As the weight of evidence shifts toward supporting a major role for asymptomatic transmission, the use of personal facemasks, especially in crowded areas, becomes instrumental in preventing community spread of the virus. We can no longer rely on symptoms or screening to tell us whether mask protection is needed.
So why voice a need for widespread mask use in desperate times when we do not even have enough masks for hospitals?
The reason is that by making the facts public, more resources may become available. The message that masks not only can protect healthcare workers but also can help control the outbreak may recruit more efforts, allocate more resources, and make this a national top priority.

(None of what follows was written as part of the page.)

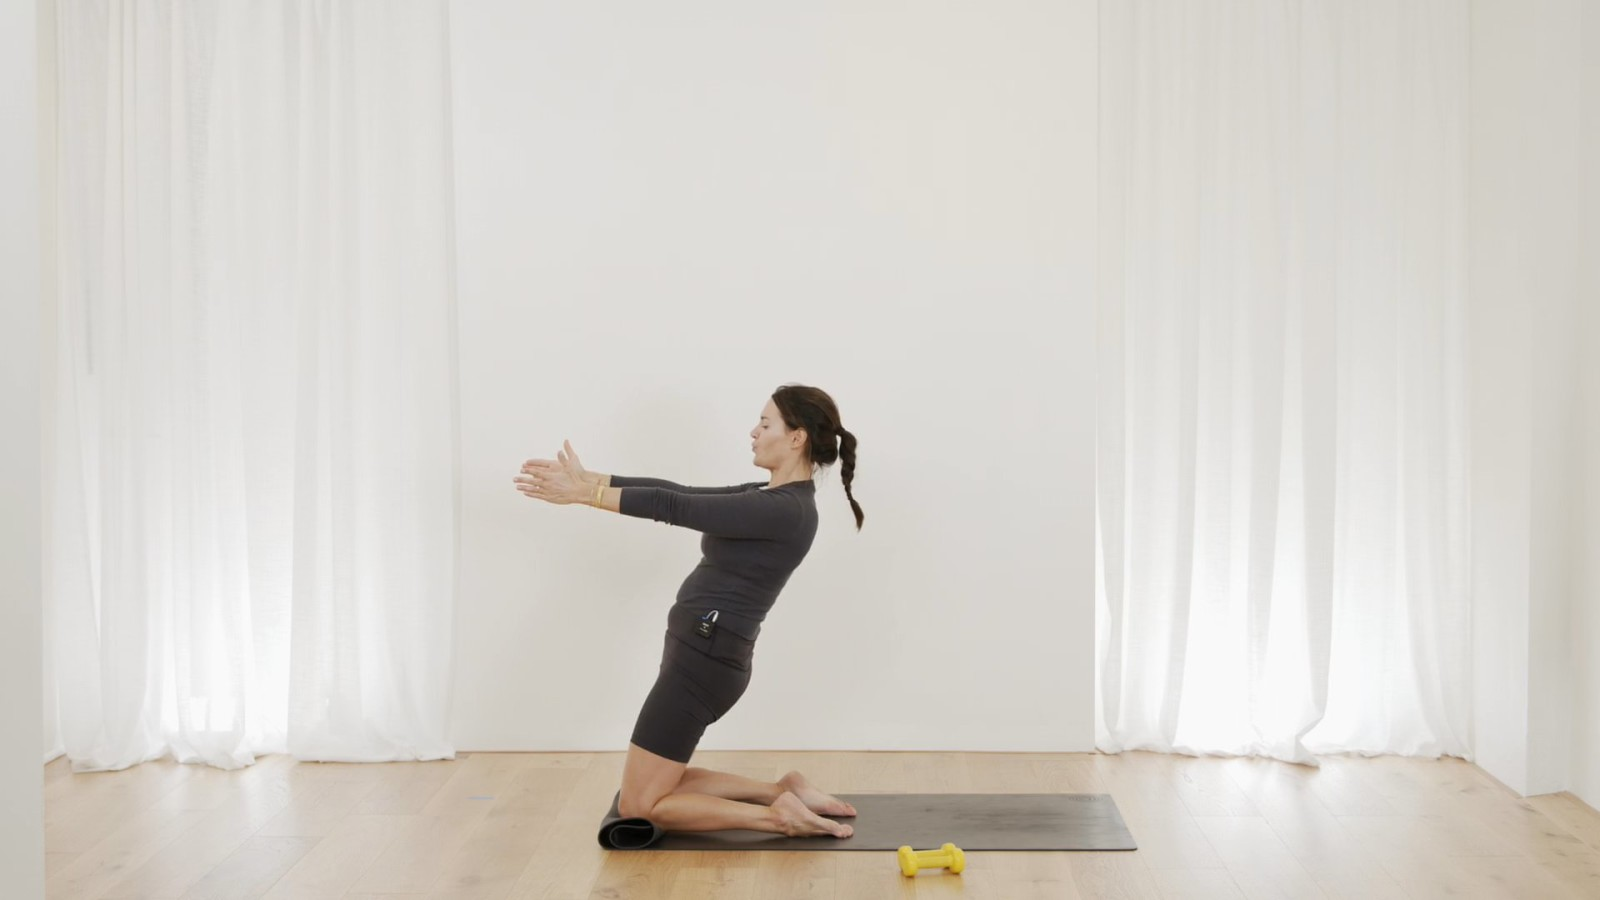 Traditional Pilates moves using dumbbells with Aneta Bachanova

This was exactly what happened in Asia, where universal mask wear has been advised. Both Taiwan and South Korea faced shortages of masks, and they responded by increasing mask production. Taiwan opened 60 new productions at various manufacturing plants across the country to produce 10 million masks a day.
The same can be done in the United States. Resources can be mobilized to fill that need. The president has the power to order the industry to produce more masks by further executing the Defense Production Act. In the meantime, homemade cloth masks could be used in the community, similar to CDC advice to HCWs “when no facemasks are available.” Limited data suggest that cloth masks protect against droplet transmission better than no barrier.
As new infections soar across the country, authorities should share emerging data regarding COVID-19 transmission clearly, even if complete understanding is still evolving and despite low availability of PPE.
Eldad Einav is a clinical assistant professor at SUNY Upstate Medical University who focuses on cardiometabolic health.